Anger and how to direct it is not a modern issue. Humans have a hard time using any of our emotions, as it turns out, and we tend to misuse them and thus, misuse other people and God’s creation. God, the good parent, decided house rules were necessary: The Ten Commandments, to let people know that God is paying attention and doesn’t care for the misuse what God has given us. Such as, don’t misuse God’s holy name in anger and fear to deny half the population bodily autonomy, adequate housing, food or education to anyone. Don’t allow jealousy as an excuse to misuse other people’s bodies, steal material things, or wreck relationships with family, or neighbors.

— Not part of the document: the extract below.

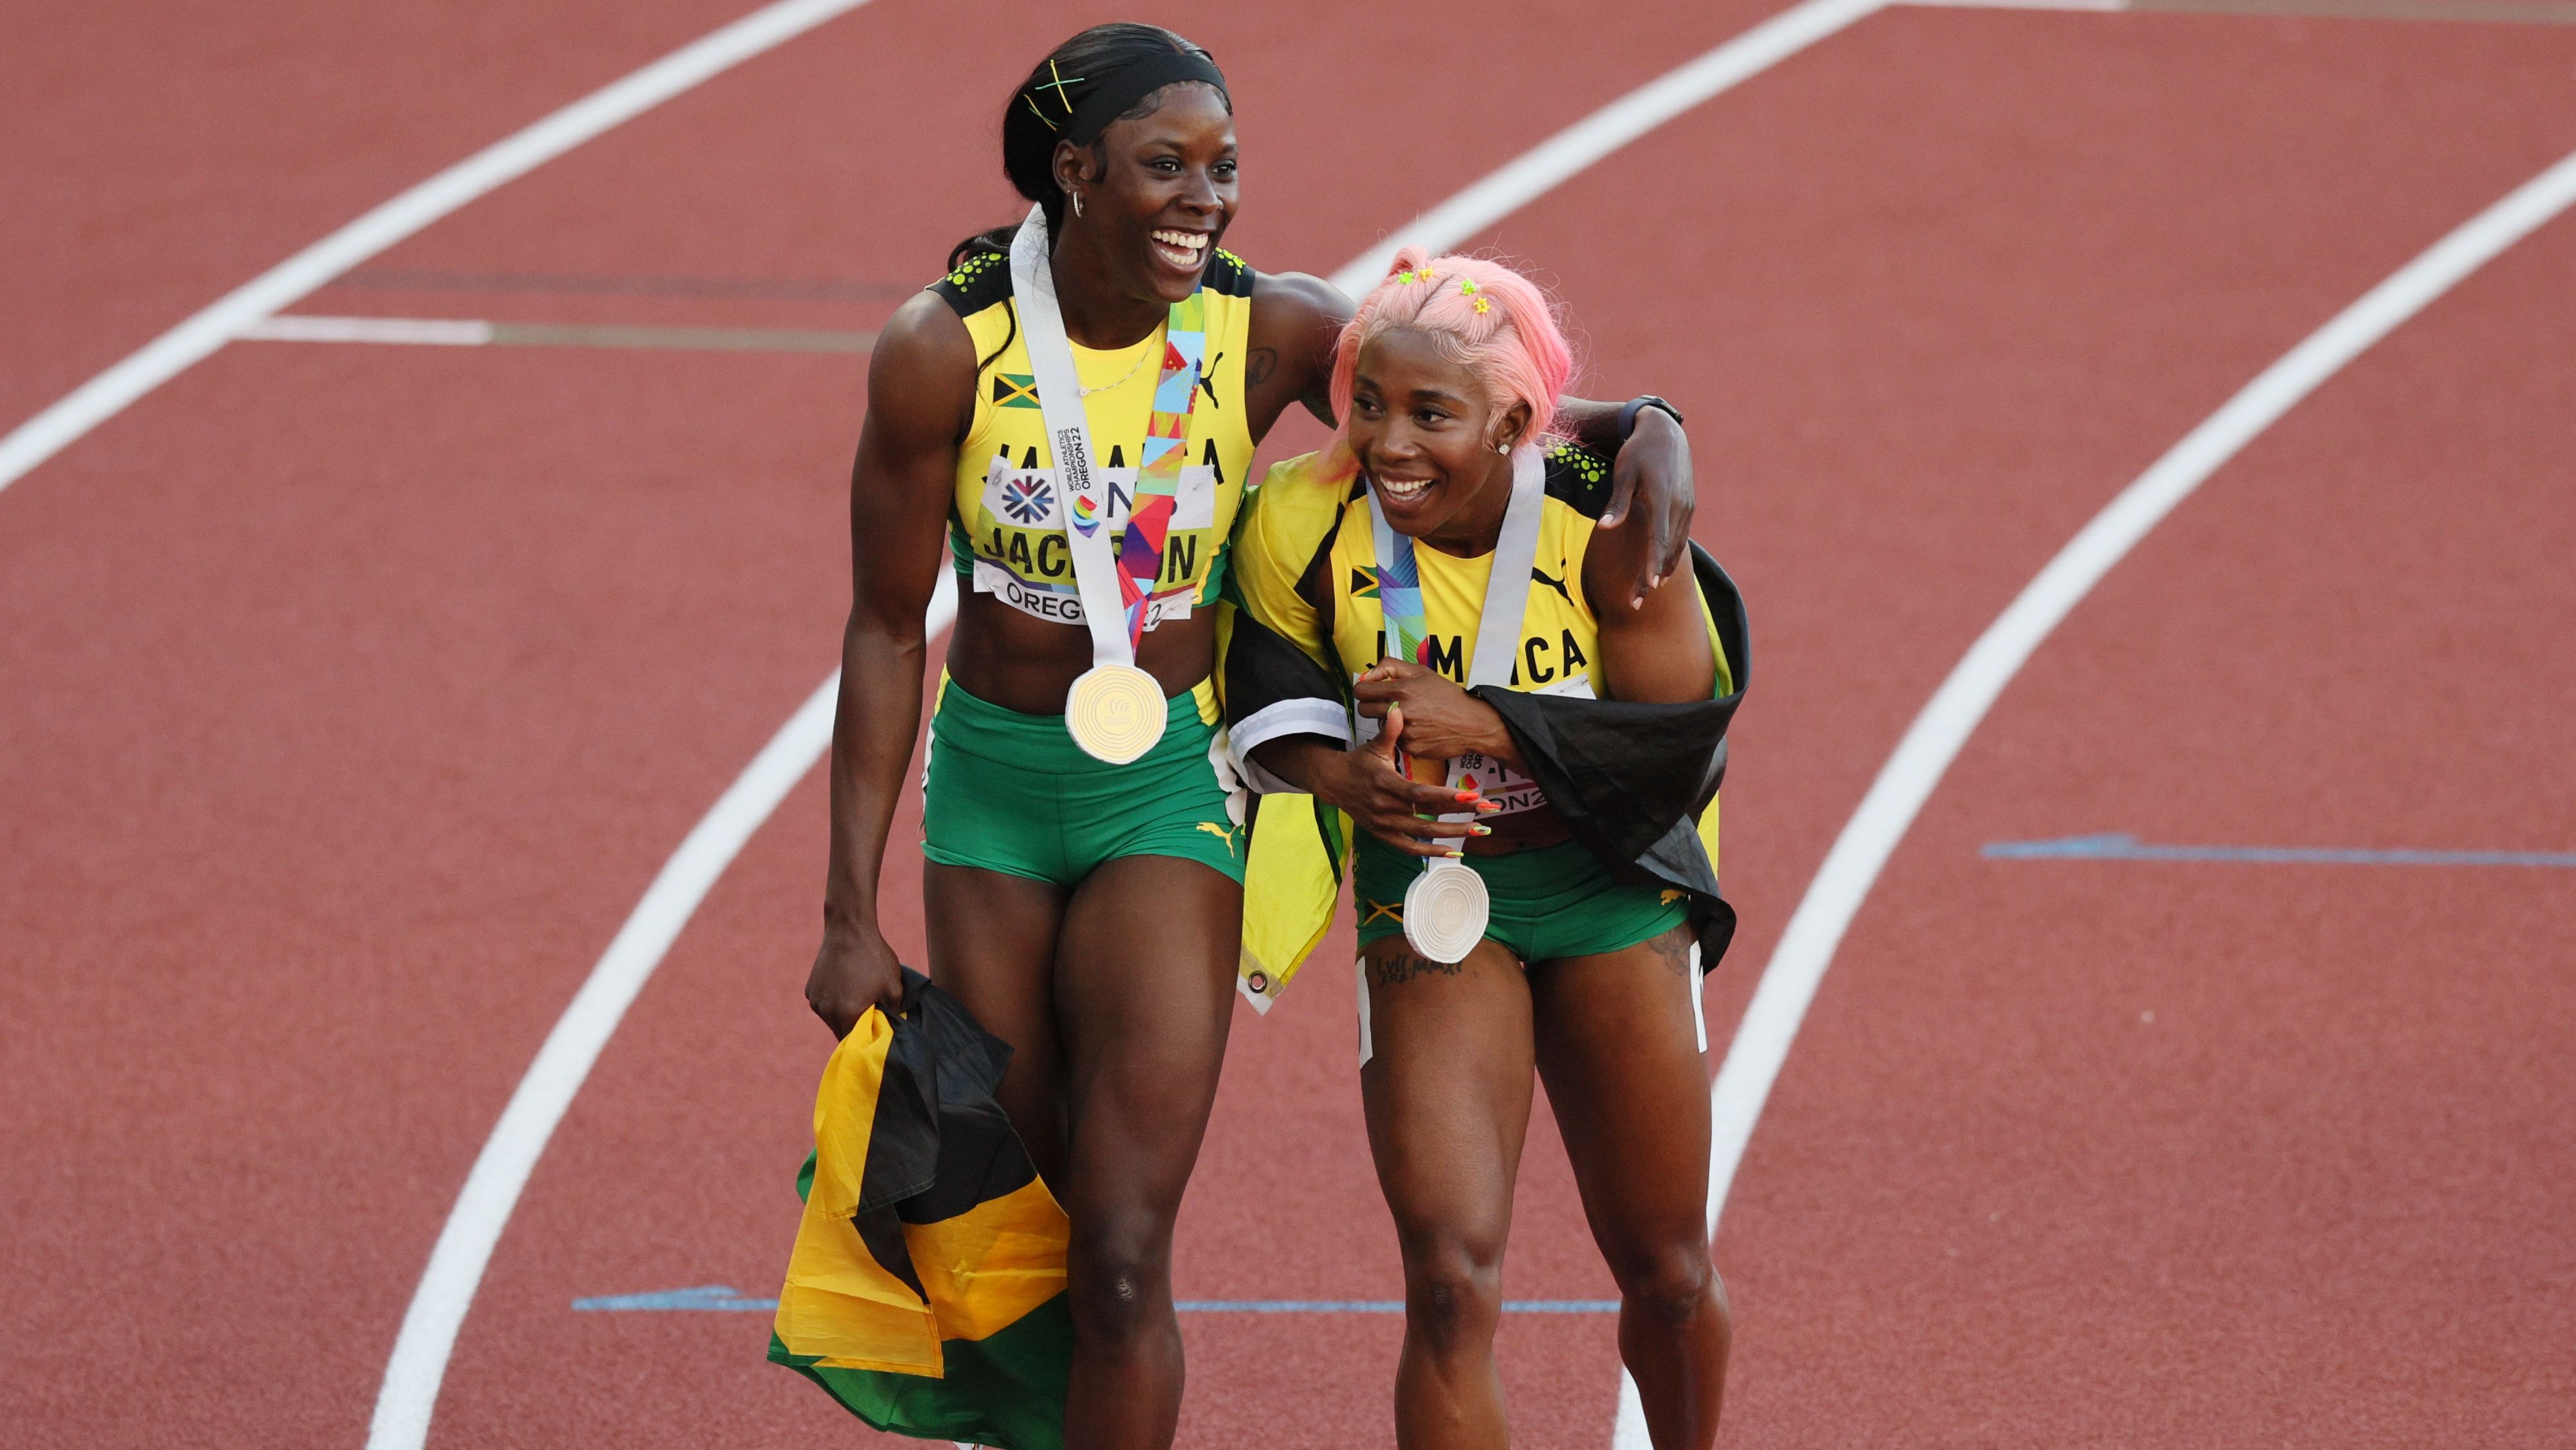 Gold medalist Shericka Jackson and silver medalist Shelly-Ann Fraser-Pryce celebrate after the women's 200m in Oregon, US.

Don’t misuse our days and work with no rest, no justice, no time for creativity, relationships and flourishing, to stoke your own ego. Don’t misuse what God has given us to ensure only our own status, wealth, welfare, and self-interests.  

And misuse continues, doesn’t it?  John 2 tells us this story today: The Passover sacrifices at the Temple evolved as a way for merchants to make money off their fellow religious adherents, such as how Christmas and Easter have become commercialized today. Roman money wasn’t allowed in the Temple because it broke the commandment of “no graven images” with the picture of Ceasar on the coins and it had to be exchanged, often unfairly, for the shekel. Shekels were only good in the Temple to purchase an animal for the ritual sacrifice and those animals. A captive consumer. The misuse of the commandments, the misuse of the rituals of sacrifice, the misuse of the Temple built for connection to God, is what sparked Jesus’ anger. And before we get too far down the path of self-righteousness as enlightened people; I would invite us to take the log out of our own eyes before we remove the splinter from our ancestors. We have plenty of tables for Jesus to flip over. The table of denominationalism, the table of racism, the table of homo and transphobia, the table of ageism, the table of capitalism, the table of scarcity, the table of apathy, and the list can go on.

Jesus was angry at the misuse of the Temple, of community and angry that they had turned their attention away from loving the Lord God with all your heart, soul and mind and loving your neighbor as yourself. Jesus’s anger was to get the attention of the people, to turn over the actual tables, yes, and to turn over the tables in their hearts that were keeping them from God and each other. They were misusing tables, tables aren’t supposed to be barriers, status symbols or exclusive, they are places to create inclusive community, share abundance and joyous love.

If you’re not angry you’re not paying attention. If we are paying attention to the world and to God’s desires for humanity and creation, then anger used for the safety, wellbeing and inclusion of our neighbor, anger that turns over tables of injustice, division, oppression, genocide, scapegoating, violence, anger is a proper, reasonable, and needed response to the reality of the misuse of God’s love in the world. We are called to use our anger as Jesus did: to build, heal, restore, renew and transform the world. To use our anger to pay full attention to loving God, God’s creation and our neighbor, each other them, as ourselves. Thanks be to God.


[1] This quote is from Nicholas D. Kristof, but Tom Morello, guitarist from Rage Against the Machine said something similar in the 1980’s. *Gen X trivia of the day.